Шифферсу тоже тщеславие помешало. Он мог бы быть таким режиссером, как Вайда, — такого же плана. Гога слушал и оценивал Женю по высшему разряду, {282} это я наблюдала на одном обсуждении. Женя обладал умом научного склада и артистов тоже любил. А высказывался против Гоги в открытую. В кафе одном проводились молодежные встречи, что-то вроде клуба. Там он и говорил, что Гога — ремесленник. Это была волна молодежи, которая хотела работать, хотела делать свое. Поколения не понимали друг друга. Сережины «Фантазии Фарятьева» на худсовете актеры не принимали[cxiv], а Гога спектакль отстоял, ему нравились актерские работы там. Смена поколений обязательна. Наше поколение затерли лихо. Если бы Шифферсу дали работать в полную силу (о нем писали в «Известиях» — «разоблачали»), он многое мог бы сделать. Жене Агафонову, который играл Ромео[cxv], сказали: «Или партбилет на стол, или отказывайся от спектакля». Он сказал: «Идите к черту», — и вообще ушел из театра. Интеллектуальный был актер, западного типа. У него из-за этого спектакля полетела вся судьба.

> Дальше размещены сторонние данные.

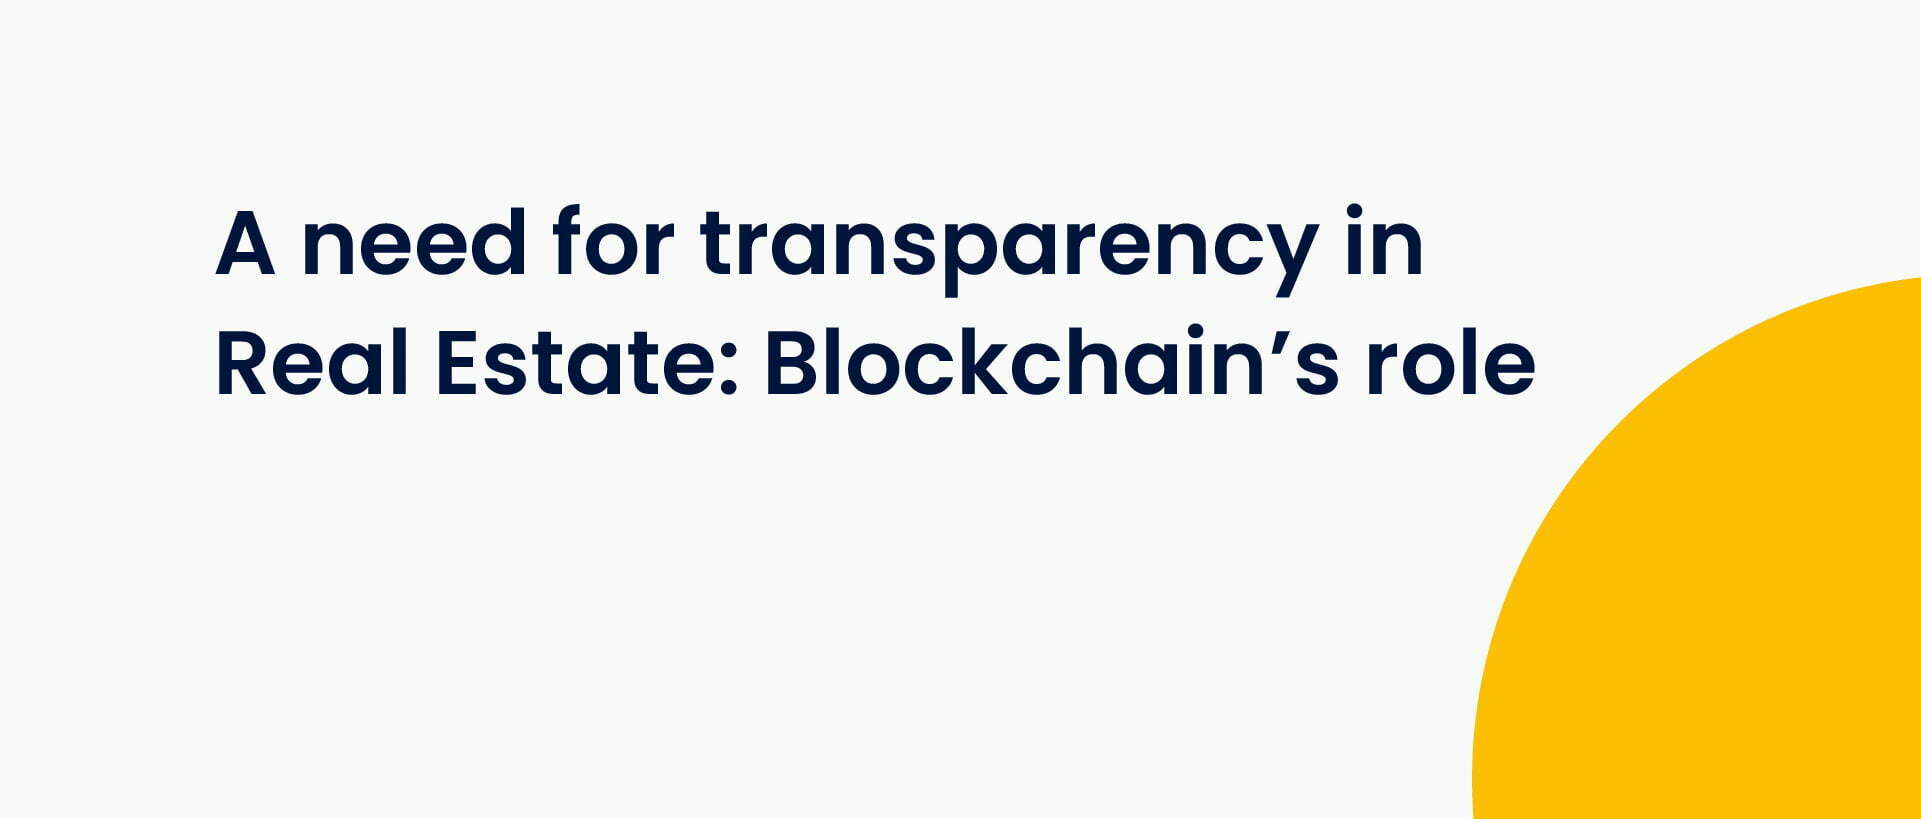 A Need for Transparency in Real Estate: Blockchain's Role

Шифферс поставил потом фильм «Первороссияне» — это было время, когда общественная мысль разбивалась, расслаивалась. У Женьки дома висел громадный портрет Ленина, потому что для него это был символ свободы, нового взгляда на все. Сейчас всего этого уже не понять.

Гога понимал актеров, чувствовал их диапазон, возможности. Когда я переходила в БДТ, одна актриса из Ленкома говорила мне: «Ты понимаешь, что ты там будешь краской, красочкой на общем фоне?» Да, я это очень хорошо понимала. Он художник, у него палитра. Когда Волчек посмотрела нашу «Маклену Грасу», она сказала: «На эту актрису можно театр строить». Может быть, в том театре, о котором мы мечтали, я была бы другой.

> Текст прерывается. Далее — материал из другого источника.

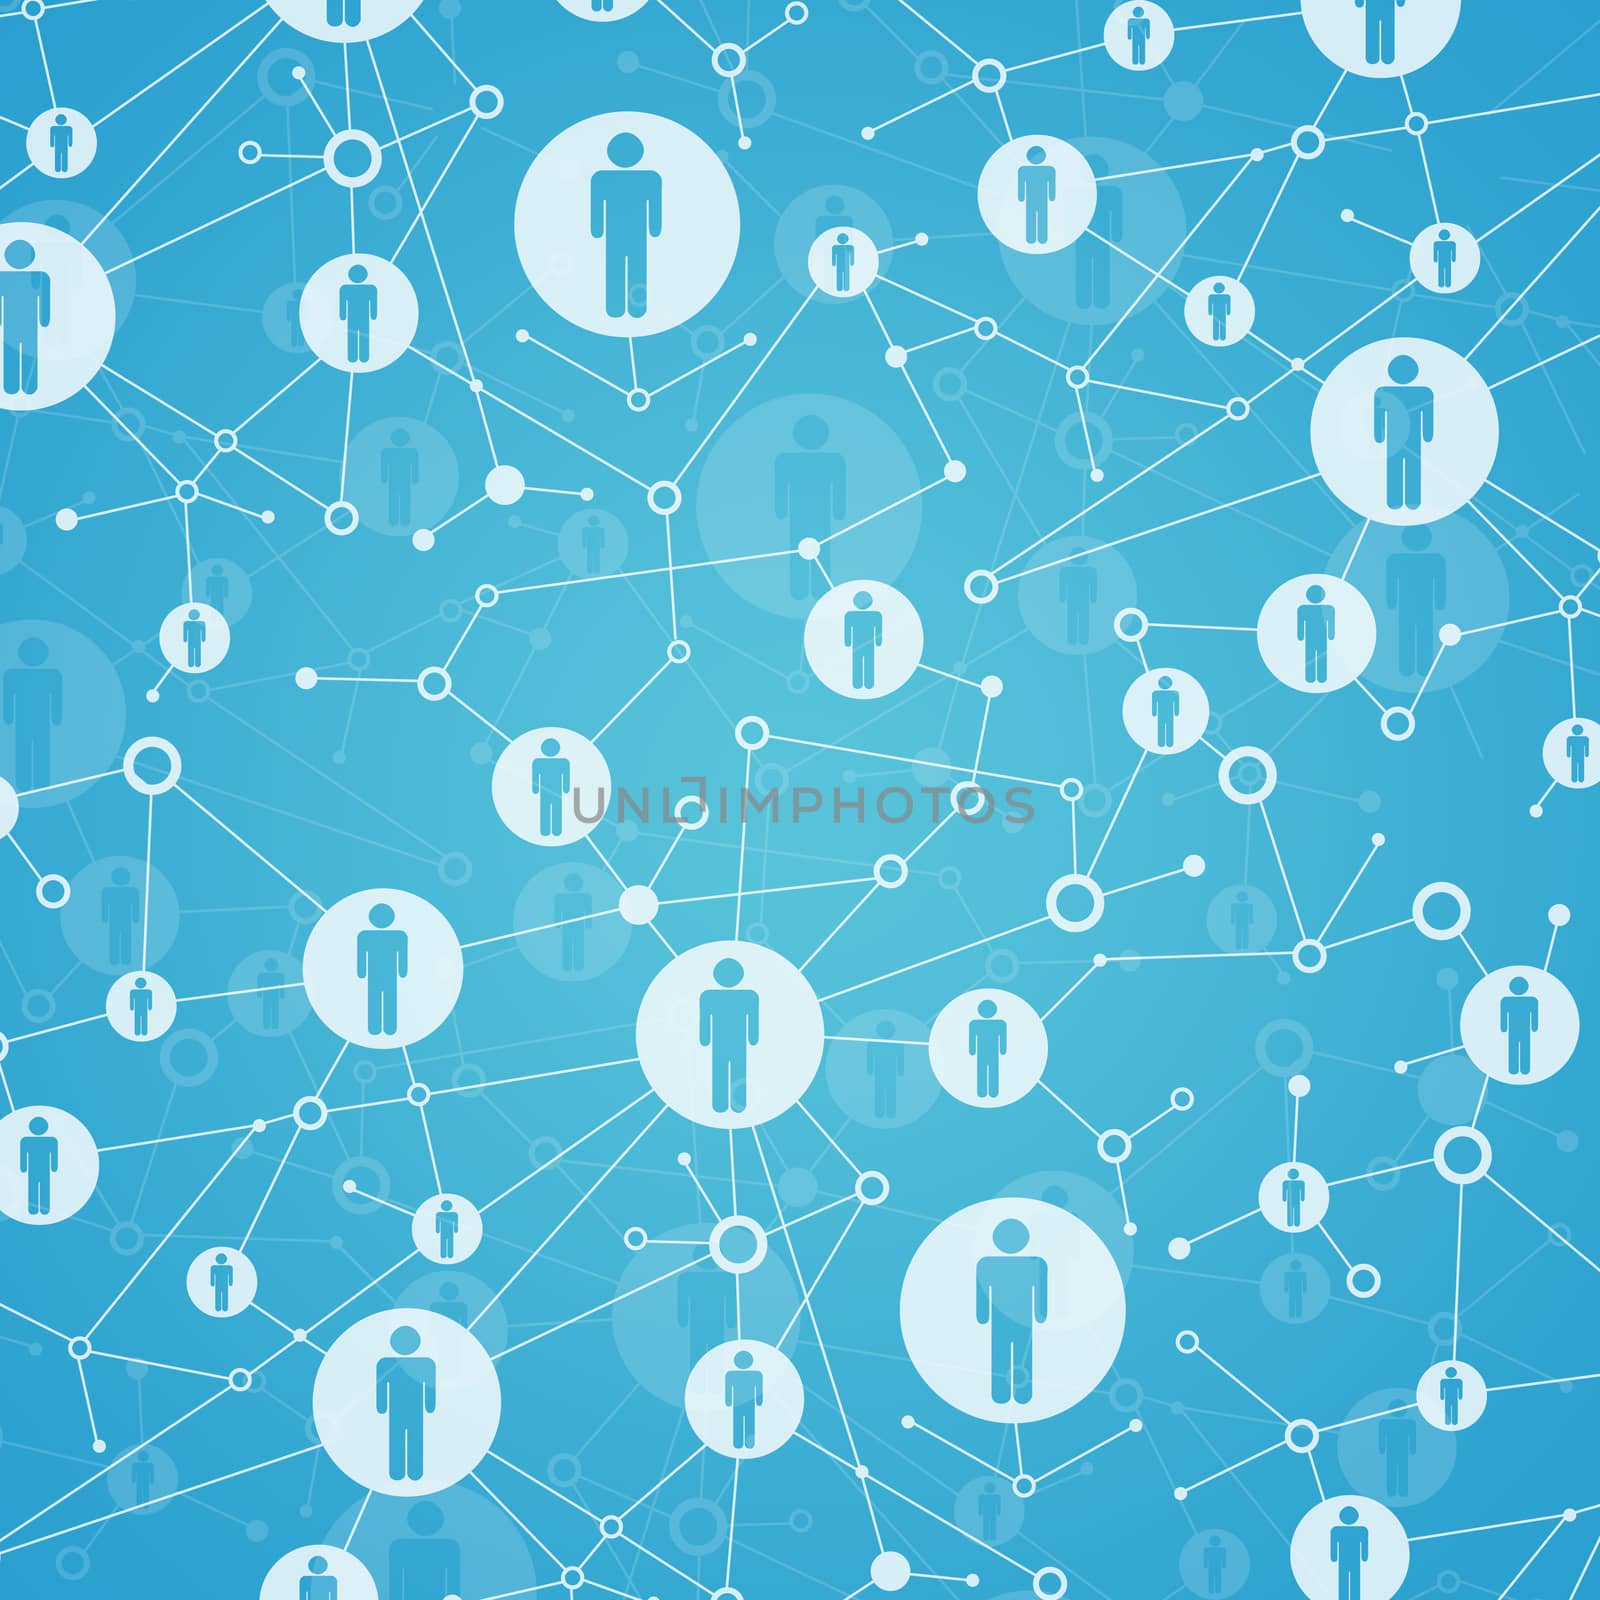 Social network. In the lattice points are people icons. Blue background

Нынче была встреча — восемьдесят пять лет театру. Я там была, так меня старые товстоноговцы своей как будто не считают, хотя я проработала в БДТ сорок лет. Они хорошо ко мне относятся, но все равно я для них не «бэдэтевка». Как будто я не участвовала в этом празднике жизни. Это горько. Но это их мнение или что там, не знаю. Только я все равно «бэдэтевка», и сорок лет отданы театру не зря. Я чувствую себя частицей его, и театр — это моя жизнь. Я счастлива, что работала с таким великим режиссером, с таким мудрым человеком, с человеком, которого, при всей его твердости, неприступности и солидности, хотелось любить как ребенка. Мало кто жил такой наполненной творческой жизнью, какой я жила. Мне повезло в жизни.

 

Запись беседы. 2004 г. Публикуется впервые.


{283} Натэлла Товстоногова
Он надорвал сердце…

Родился Георгий Александрович в Петербурге. Наш отец окончил институт корпуса инженеров путей сообщения и занимал довольно большой пост в министерстве путей сообщения. Жила семья на Фурштатской, там была очень хорошая квартира. Летом возили Георгия на курорт в Сестрорецк, своей дачи не было.

Я младше брата на одиннадцать лет. Родилась в Тбилиси. В 1918 – 19 году, когда в Петрограде стало уже очень беспокойно, и маму тянуло на родину, — семья переехала туда. Всю оставшуюся жизнь мама прожила там. И до конца жизни ждала отца… Спустя много лет, в трудное для Грузии время, меня, Лебедева и Лаврова Шеварднадзе пригласил в Тбилиси[cxvi] — там на доме, где мы жили, установили мемориальную доску и переименовали улицу, назвав в честь Товстоногова.

Отца арестовали в тридцать седьмом году. Было это так. Мы втроем — мать, отец и я — поехали в Москву «за правдой». Папа думал: в столице ему объяснят, что творится, почему людей арестовывают. В Ростове его сняли с поезда и самого арестовали. Когда мы шли по платформе, отец сказал мне, девочке: «Дали прожить двадцать лет». Он считал, что его арест связан с той должностью, которую он занимал в министерстве. Расставание было очень тяжелым для всех. Мама оставалась в купе, меня отвели в какую-то специальную комнату, куда потом привели и маму с вещами. Отца забрали, а нас посадили в обратный поезд. Больше отца мы не видели. В квартире в Тбилиси был устроен обыск, там в это время оставался брат. Мы с мамой застали квартиру разгромленной.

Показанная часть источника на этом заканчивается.